With heavy fighting in the former Taliban stronghold of Marjah now largely reduced to sporadic gunfights, U.S. Marines in the area have turned their focus toward eliminating the insurgents' cash source: opium, Reuters reported.
But instead of eradicating the illicit poppy fields themselves, the Marines have begun piloting a new method over the past week -- paying farmers cash to destroy their own crops.
In February, thousands of U.S. Marines pushed into Marjah, an insurgent enclave in southern Helmand province. Weeks of intense fighting ensued as militants wrestled to hold on to a vital area where for years they had virtual free reign.
What makes Marjah so important is its strategic location. Lying just west of the provincial capital and surrounded by lush farmland crisscrossed by canals that water the opium poppy crop, it has become a hub for the narcotics trade in central Helmand.
Last year, Afghanistan produced 90 percent of the world's opium, the raw ingredient of heroin, with some 60 percent grown in Helmand alone. The Taliban are said to siphon off hundreds of thousands of dollars each year from the trade of the drug.
Now, with harvest time only a few weeks away and up to 60,000 migrant workers expected to flow into Helmand to work the poppy fields, the Marines have launched a new scheme in Marjah where farmers are paid to plough their own fields under.
"We've come up with this program, it's a completely voluntary program, that's the most important aspect. I'm not going to touch their poppy," said Major Jim Coffman, a Marine civil affairs officer who oversees the new project.
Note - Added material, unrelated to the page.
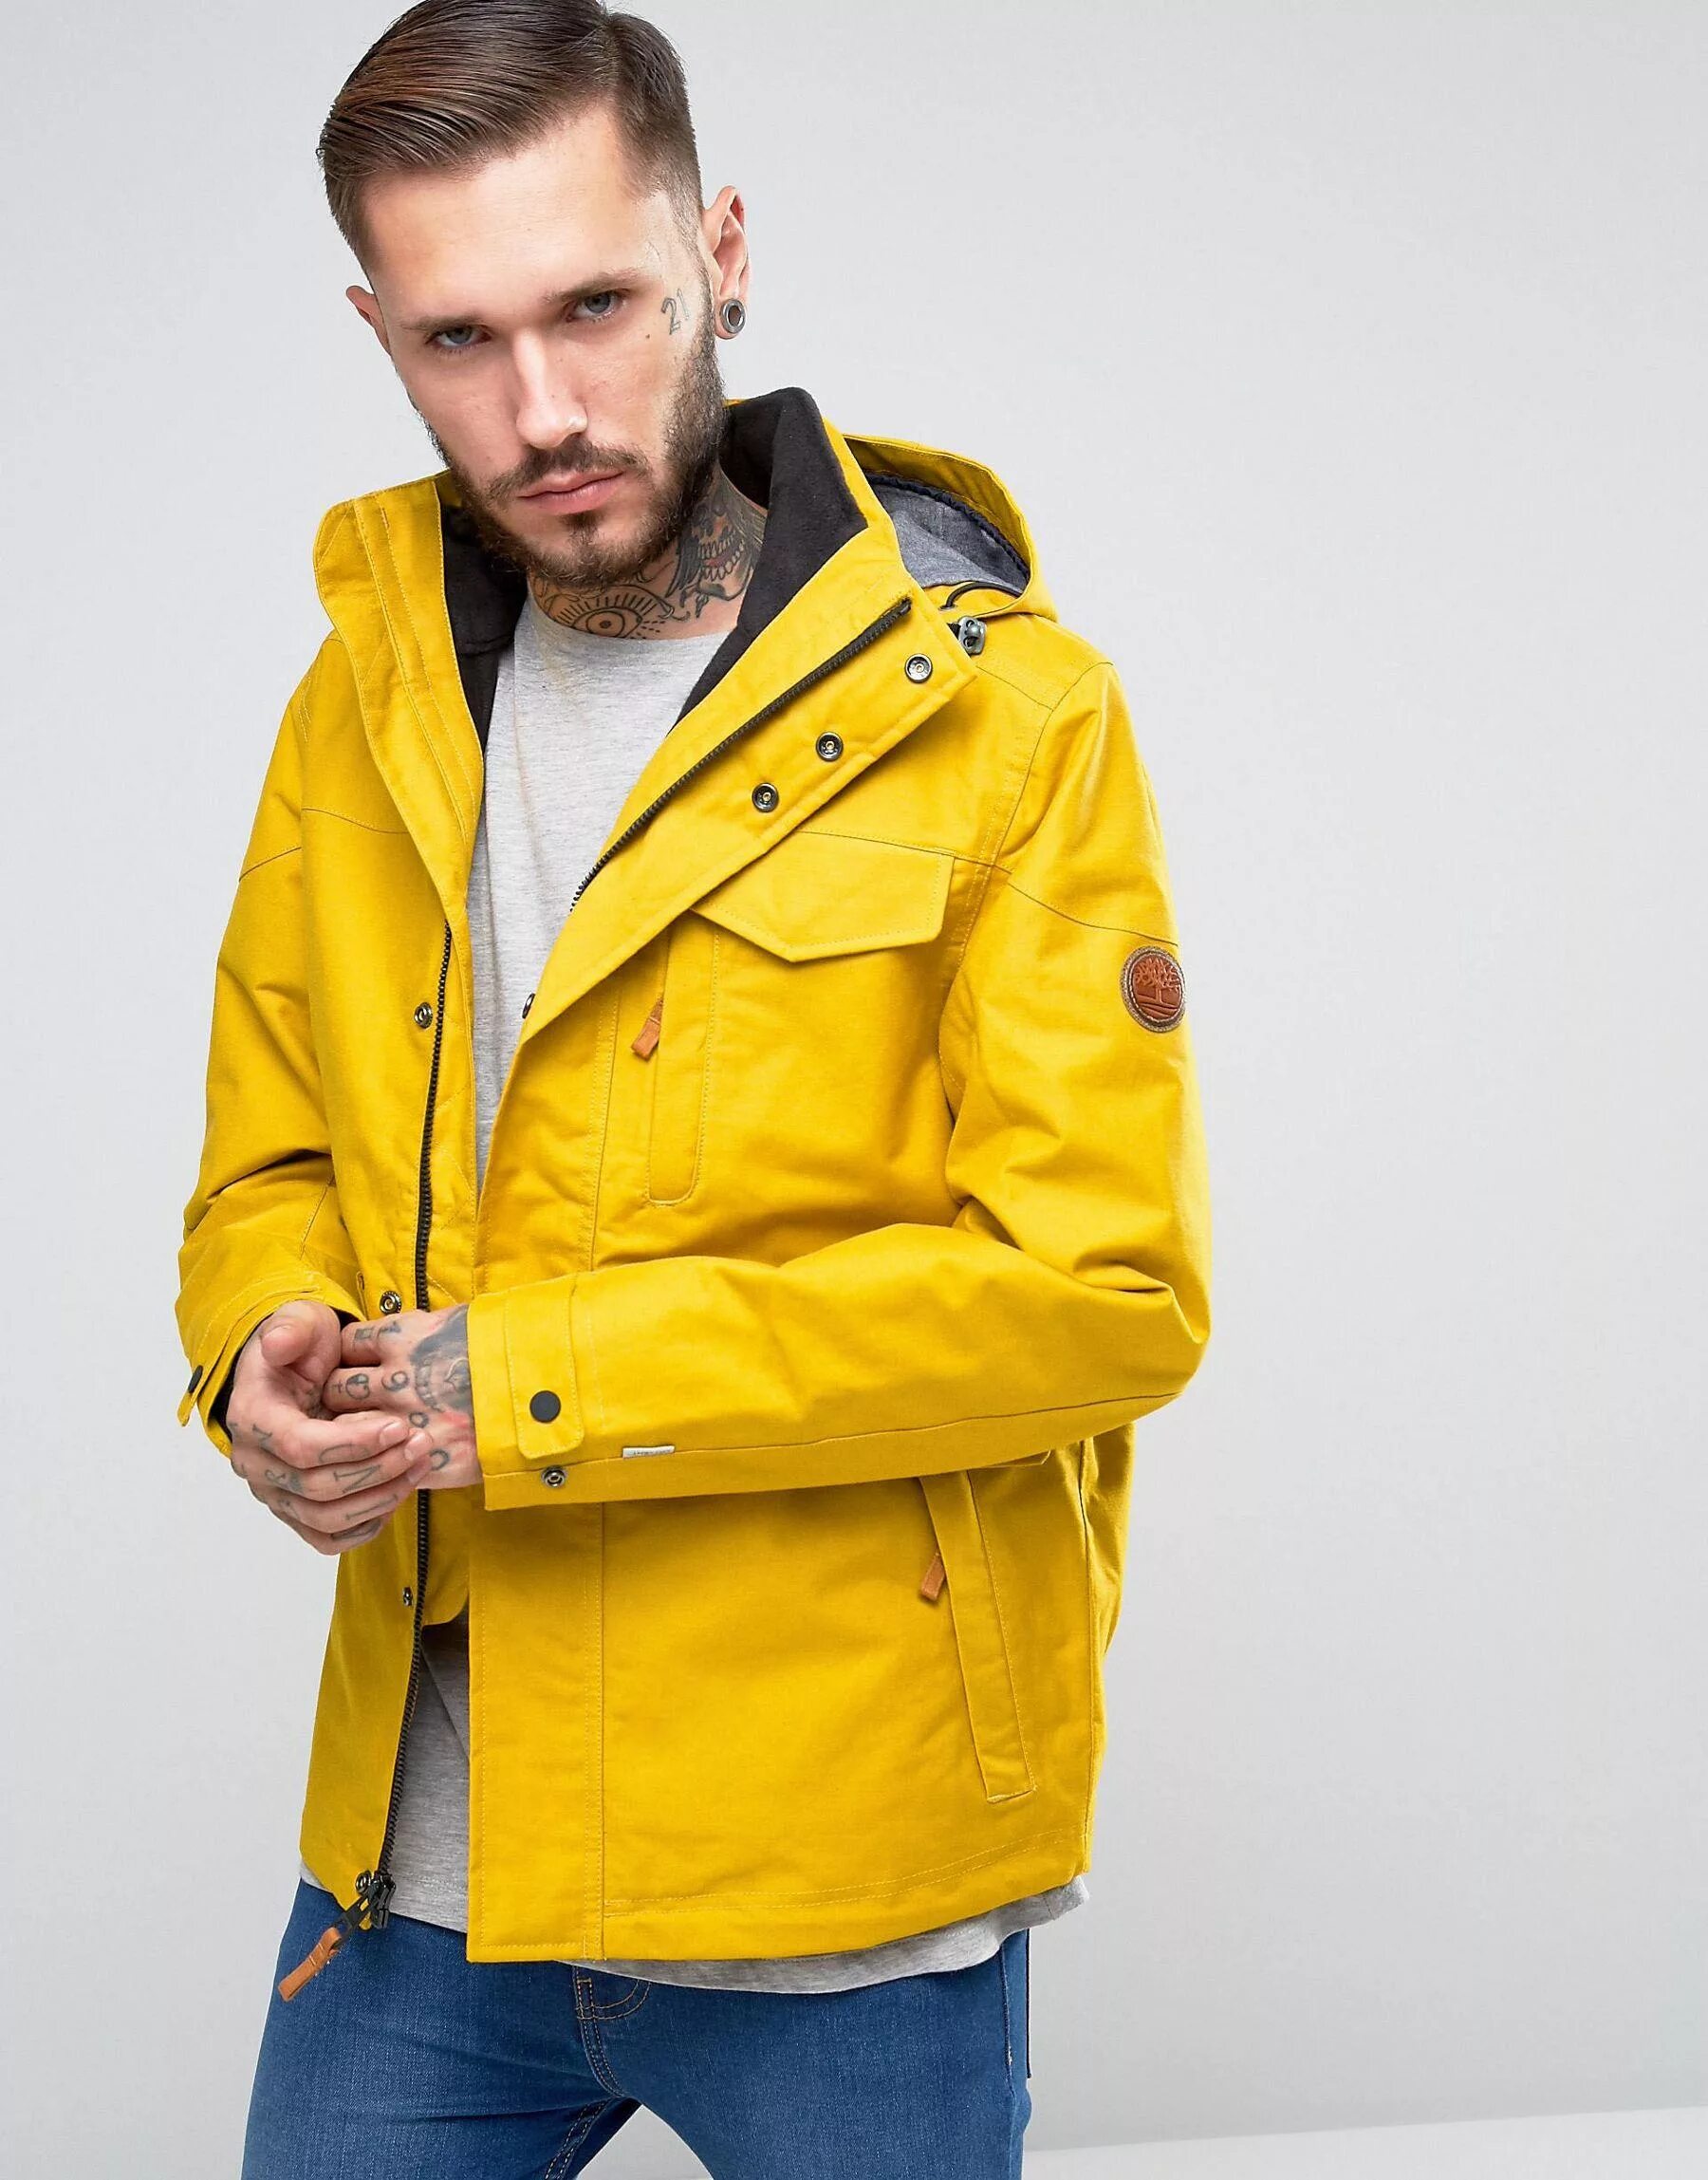 Куртка Timberland желтая. Желтая куртка мужская. Куртка Весенняя мужская желтая. Мужчина в желтой куртке. Мужчина в желтой куртке в крокус сити

"If they choose to destroy or to clear ... their fields, we will give them $300 (per hectare)," he said.
Under the scheme, started just over a week ago, farmers enroll at one of the Marine outposts and are given a week to plough their fields. Once the empty fields are checked, farmers are paid and given fertilizer and seeds for alternative crops.
"So far it's been a pretty good reaction, a tempered reaction," said Coffman.
"We've seen about eight to ten guys here today. We're over 1,000 jeribs total just for our site here," he said, referring to the traditional unit of land measurement in Afghanistan equal to one fifth of a hectare.